The entire extraction process described above is repeated for **each individual PDF document**. The extracted data from each PDF is then temporarily stored in two separate JSON files: one for monetary information and another for entity-related data.

### Data Transformation

Following the extraction phase, the temporarily stored JSON files are loaded into `pandas` DataFrames for subsequent transformation and consolidation. This stage is crucial for refining the extracted raw data:

* **Monetary Data Transformation:**
    Extracted monetary data undergoes various validation checks to ensure its quality and adherence to expected conditions. We then filter and retain only the information most relevant for analysis, such as the grant requested per project, available call budgets, or specific budget allocations per topic as mentioned in the call for proposal.
    A significant challenge identified was the **duplication of monetary values**, where identical amounts might or might not refer to the same underlying entity or concept (e.g., two mentions of the minimum EU grant request). To address this, a specific deduplication strategy is employed:
    1.  Sentences containing the duplicate monetary amounts are converted into embeddings using `Sentence-Transformers (S-BERT)`.
    2.  Hierarchical clustering is then performed on these embeddings using cosine distance.
    3.  If multiple sentences fall within the same cluster (indicating high semantic similarity for the same amount), the sentence with the *longest text* is selected as the representative for that cluster, simplifying the data while retaining context.

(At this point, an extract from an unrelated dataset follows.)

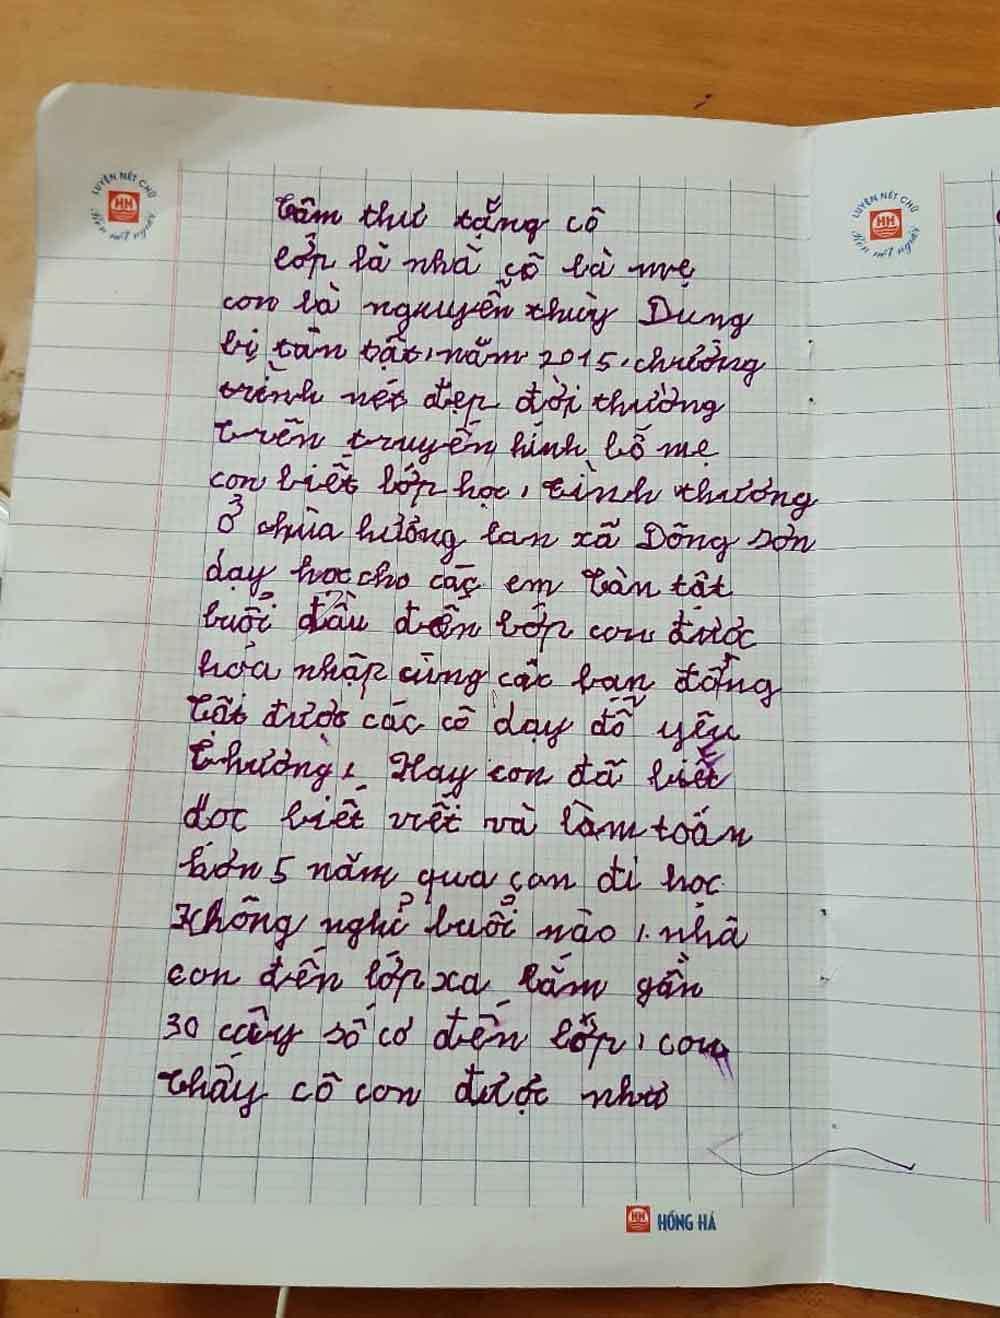 Lớp học ở trong chùa: Học trò la hét, đánh lại, cô rơi nước mắt vì thương - Ảnh 3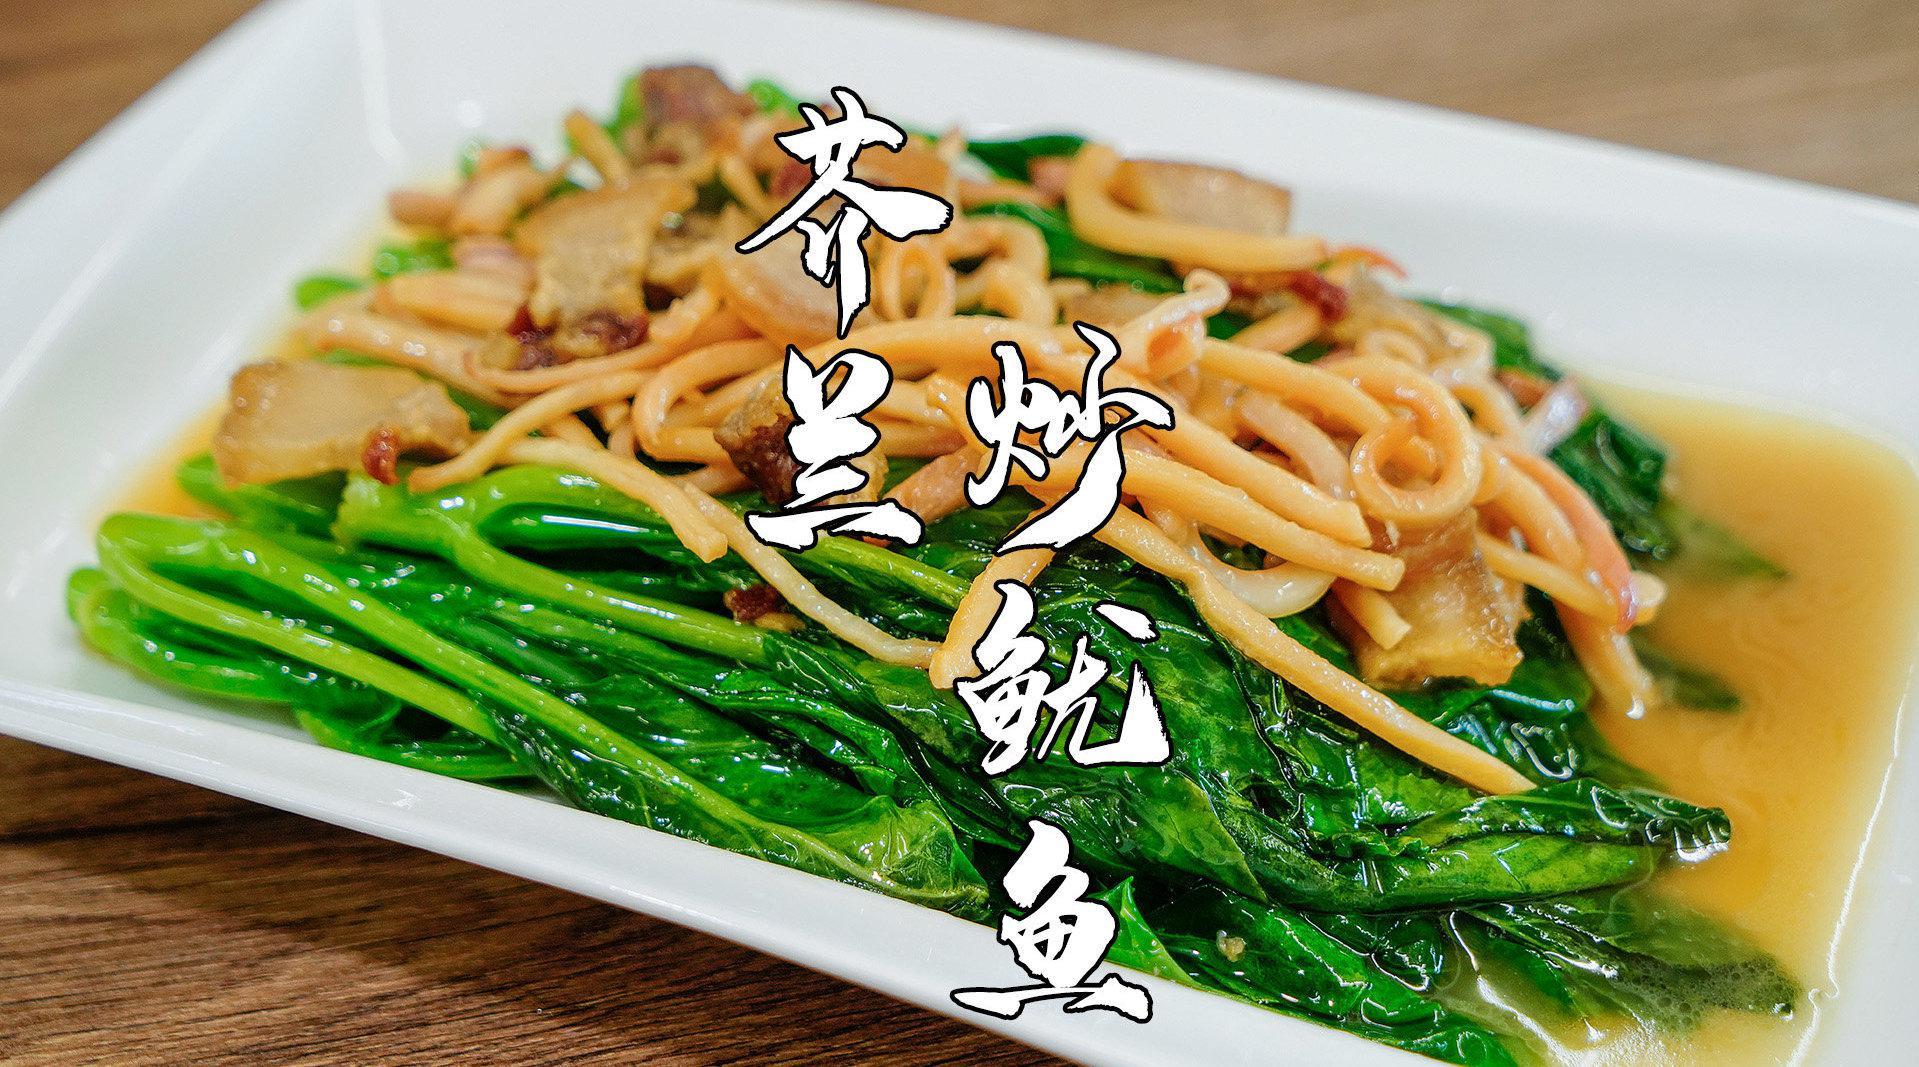 芥兰不要炒牛肉了,潮汕特色炒芥兰,芥兰越吃越香。

* **Entity Data Transformation:**
    For the extracted entity data, due to time constraints, the transformation primarily involves basic validation checks followed by a simple stacking of the dtaa extracted that contained the entity information.

* **Pipeline Orchestration:** All these transformation steps are orchestrated via a `Pipeline` class, which applies a series of pre-written functions sequentially to the `pandas` DataFrames, streamlining the data processing workflow.
 
### Data Load

Finally, the processed `pandas` DataFrames for monetary and organization type information are stored as CSV files: `etl_money_result.csv` for the monetary data, and `etl_entity_result.csv` for the entity data.

## Testing Strategy

For quality assurance, a suite of unit tests has been developed to validate individual components and functions of the codebase. While these tests provide foundational coverage, the current test coverage stands at approximately 50%, indicating areas for future expansion.